Wednesday, February 4, 2009 10:05 AM, EST
The other night my family was at a late dinner and I was joking about my latest drag queen antics [also known as my ever evolving morning make up routine resulting from chemo induced bad skin and hairlessness] and apparently there was a woman across the room who noticed the tell all "hat instead of hair" I was sporting, and she says to my brother "What's her name, does she have cancer?" When my brother answered her, she said "Me too - Tell her I will say a prayer for her". Total stranger. Not sure If I'll ever get used to that. I guess once the makeup is on and the baldie [as Casey calls my head] is covered, I forget I look different to the outside world, and it is quite evident why that is. Never going to turn down an extra prayer though!
I never really reported after the last MD appt - counts were better - low, but not quarantine low. One last round of FEC and we are tweaking the meds one more time - I had to laugh, they are giving me Ativan before I leave this time, so I'll either not have to crawl into a hole as soon as I get home from treatment, or I'll at least feel alot better about it... Certainly can't hurt! Still waiting on insurance to approve the gene test - speaking of insurance, I think I past $30,000 of claims sent in already - apparently cancer isn't cheap! Next Friday marks the halfway done with chemo mark - after that I start a new drug, which supposedly isn't as rough as this one - we'll see how that works out, regardless, halfway done will be a good place to be. Stay warm all!!

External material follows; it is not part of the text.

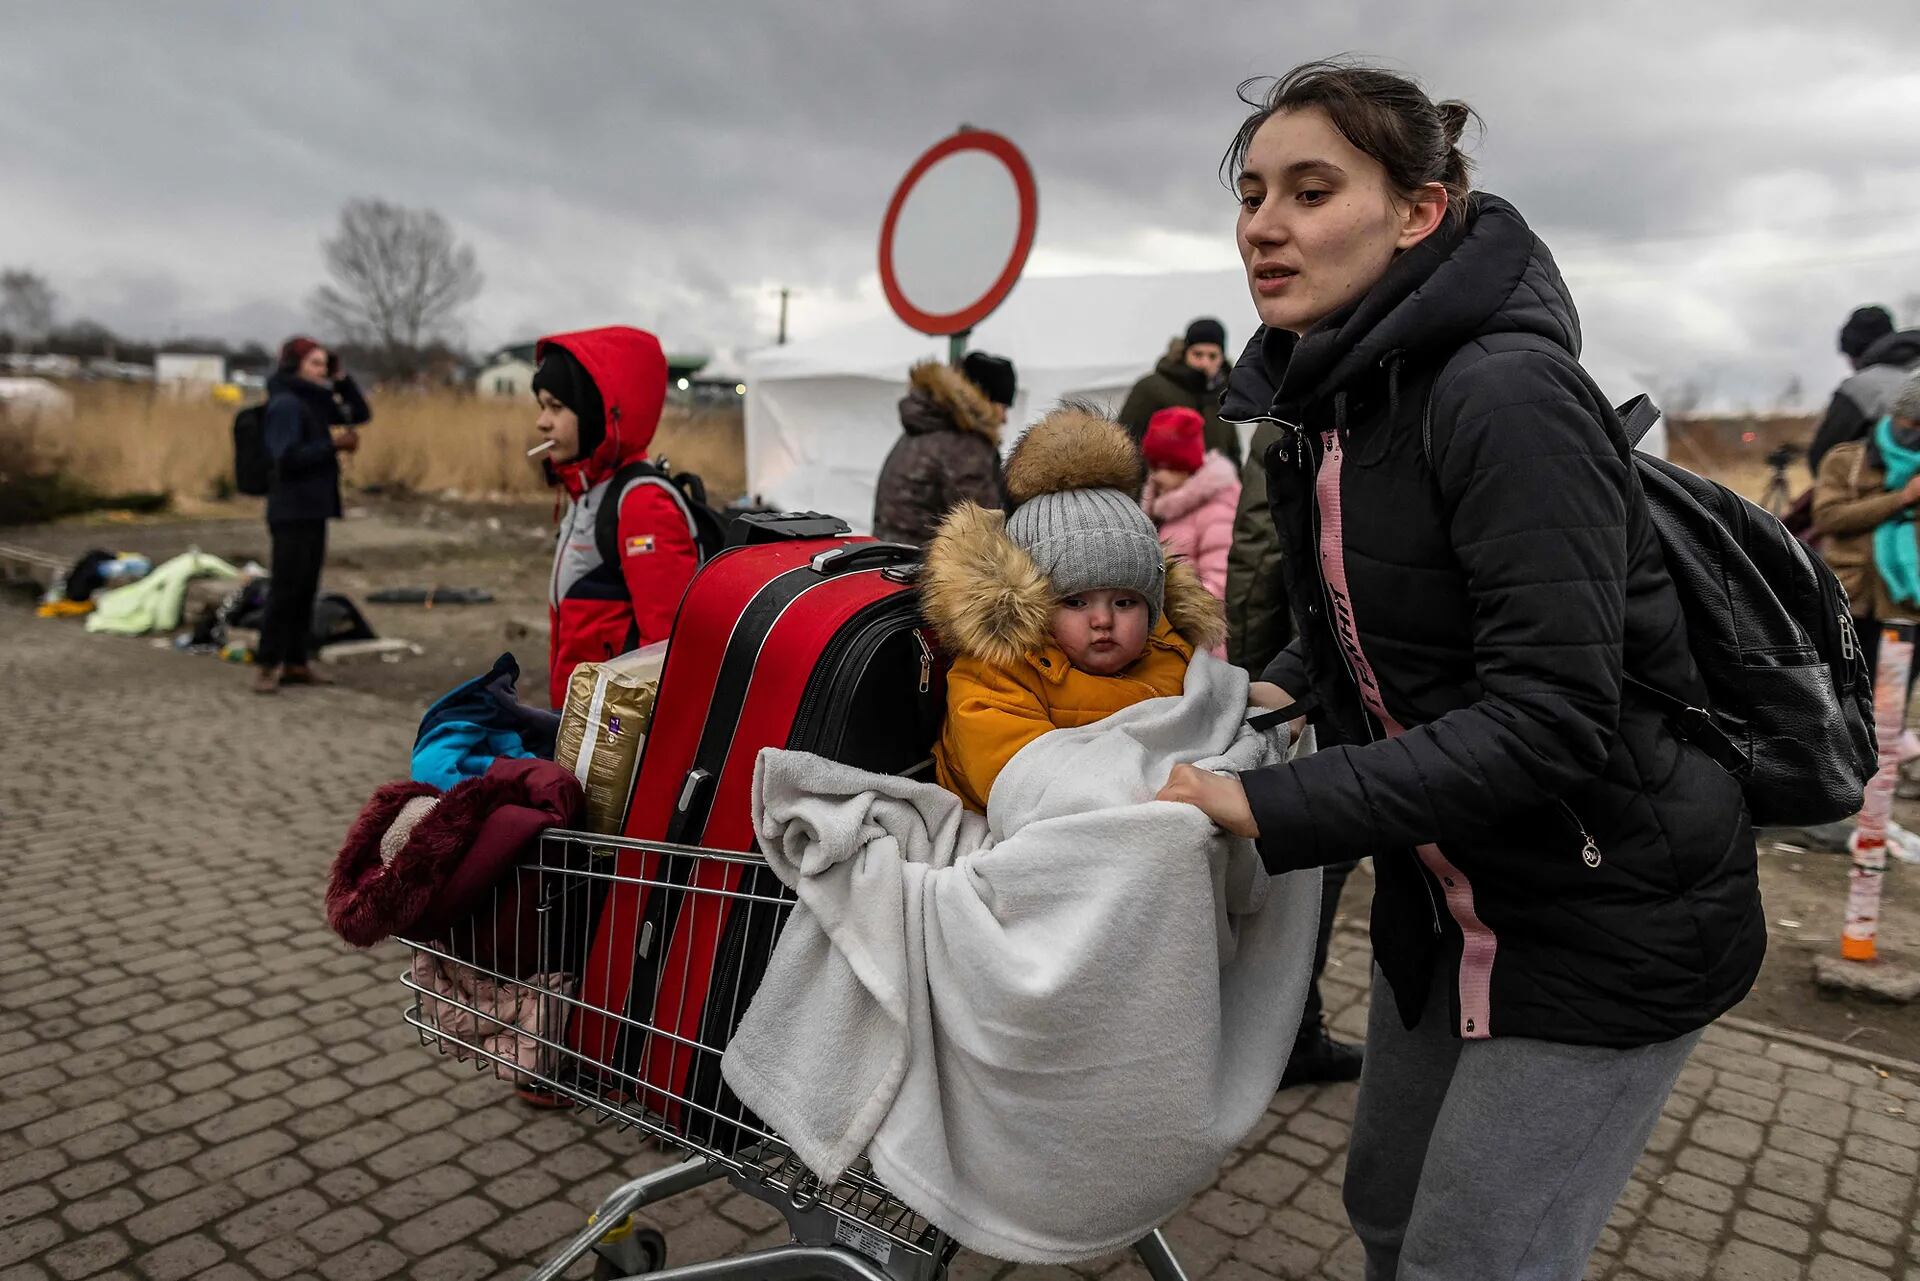 Una mujer llega a Polonia con su hijo y algunas de sus pertenencias en un carrito de supermercado
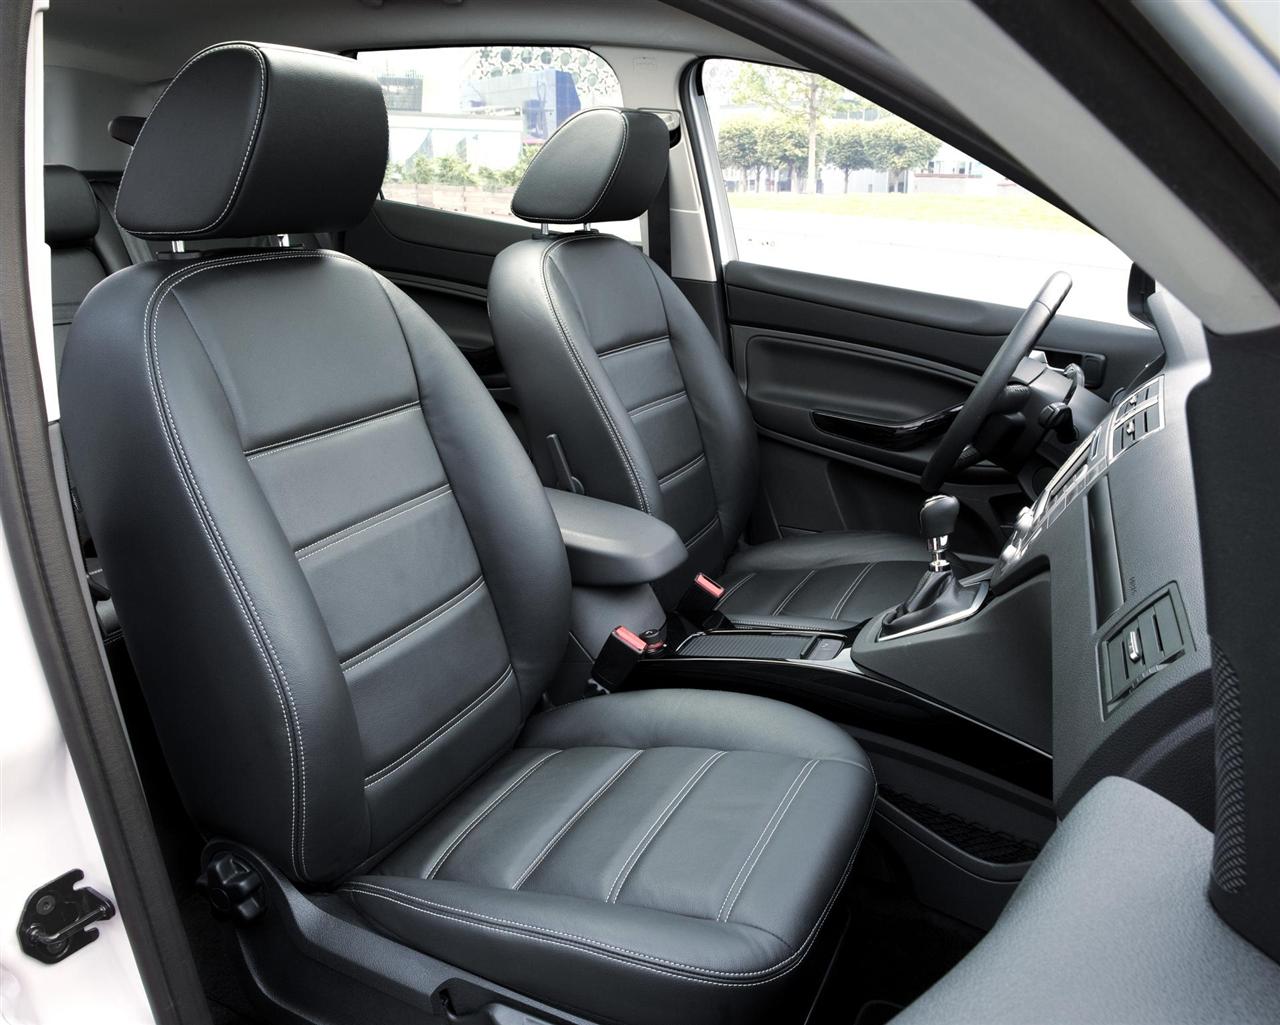 Ford-Kuga-Titanium-S 2012-Interior-Images-2

Thursday, February 12, 2009 8:57 AM, EST
Tomorrow marks the halfway point - halfway done with chemo...a nice milestone for a change, getting a bit tired of the other ones!! In theory, the next drug is supposed to be more tolerable, more of a fatigue issue than the sickness that this one brought, but given my first round experience with this one, I'll not get my hopes up too high for an easy ride. Seems like everything with this disease has a touch of irony, or one more "kick in the pants" - this time it seems it is when I finally get this poison under control, and I get used to life on this chemo, now it is time to change the game. Oh well, another challenge in letting go of my control freak tendencies [yeah I know - good luck with that!]. So the round this week should be similar to the last two, go to treatment, go home and sleep off the crud, start to crawl out of the hole sometime Saturday...at least I get Ativan this time [why did they hold back??] so I will at least feel better about the whole ordeal! Still waiting on the approval from insurance for the BRCA 1-2 test [gene test], I gave a nudge to the gene center this AM since my timeline is finally on the downward slope towards surgery, and getting this crap out of me for good.
The picture of Casey is when we went to the zoo with a friend last weekend - the Lorakeets were NUTS and went after Casey and I like crazy - maybe the fact that I was wearing bright green had something to do with it. Logan was none to pleased with our feathered friends - I wasn't particularly thrilled myself, especially when I got peed on...
Hope everyone has a good weekend, thanks for all the mojo, prayers, food [still some inthe freezer!] and overall good cheer. I'll check in when I come out of the hole!
Saturday, February 14, 2009 4:15 PM, EST
No more FEC!!!! [The name of the quality poison cocktail I've had thus far.] For anyone who is curious here's the list of what it takes to get through this cocktail - the first three are the poisons, the rest are to deal with side effects: 5FU, Epirubicin, Cytoxin, tagamet IV, pepsid AC [daily till I'm all done], dexamethasone, emend, [an IV anti-nasia drug I've forgotten the name of], prochlorperzine, kytril, ativan, and my dear friend colace.A bit much, don't you think?! This round went about the same or a tad better than last - I traded the Friday night nausia for an Ativan coma...fair trade I'd say. Been fairly productive between couch potato episodes today, finally started some thank you cards. When I was writing them it dawned on me that I was diagnosed exactly three months ago - seems like so much longer than that. So many thank you's are owed for three months time!
For most of the day I was by far the youngest again, at least a 20 year gap and no, I'm not hedging on my age. Hard to interpret what that feels like really, sometimes I wonder where the young ones are, I can't be the only one - from my internet boards I know I'm not. Just seems like it on treatment days. There was this one man making us all nuts, asking a million times if it's ok to take his xanax, and then when the MD [appropriately sensing xanax wasn't going to cut it] offered a daily anti-anxiety med he became irate and asked me if I took a drug daily to calm me down - I told him without looking up from my laptop "No, I do therapy and guided imagery" - I wasn't the only one who chuckled when he promptly shut up! Score one for the young 'un!
Hope everyone has a good weekend, I see the oncologist Tuesday to discuss the second half of the poison journey to kill this disease - this one is supposed to be more about soreness and fatique than nausia and mouth issues - we'll see! Regardless, halfway DONE is a nicer place to be.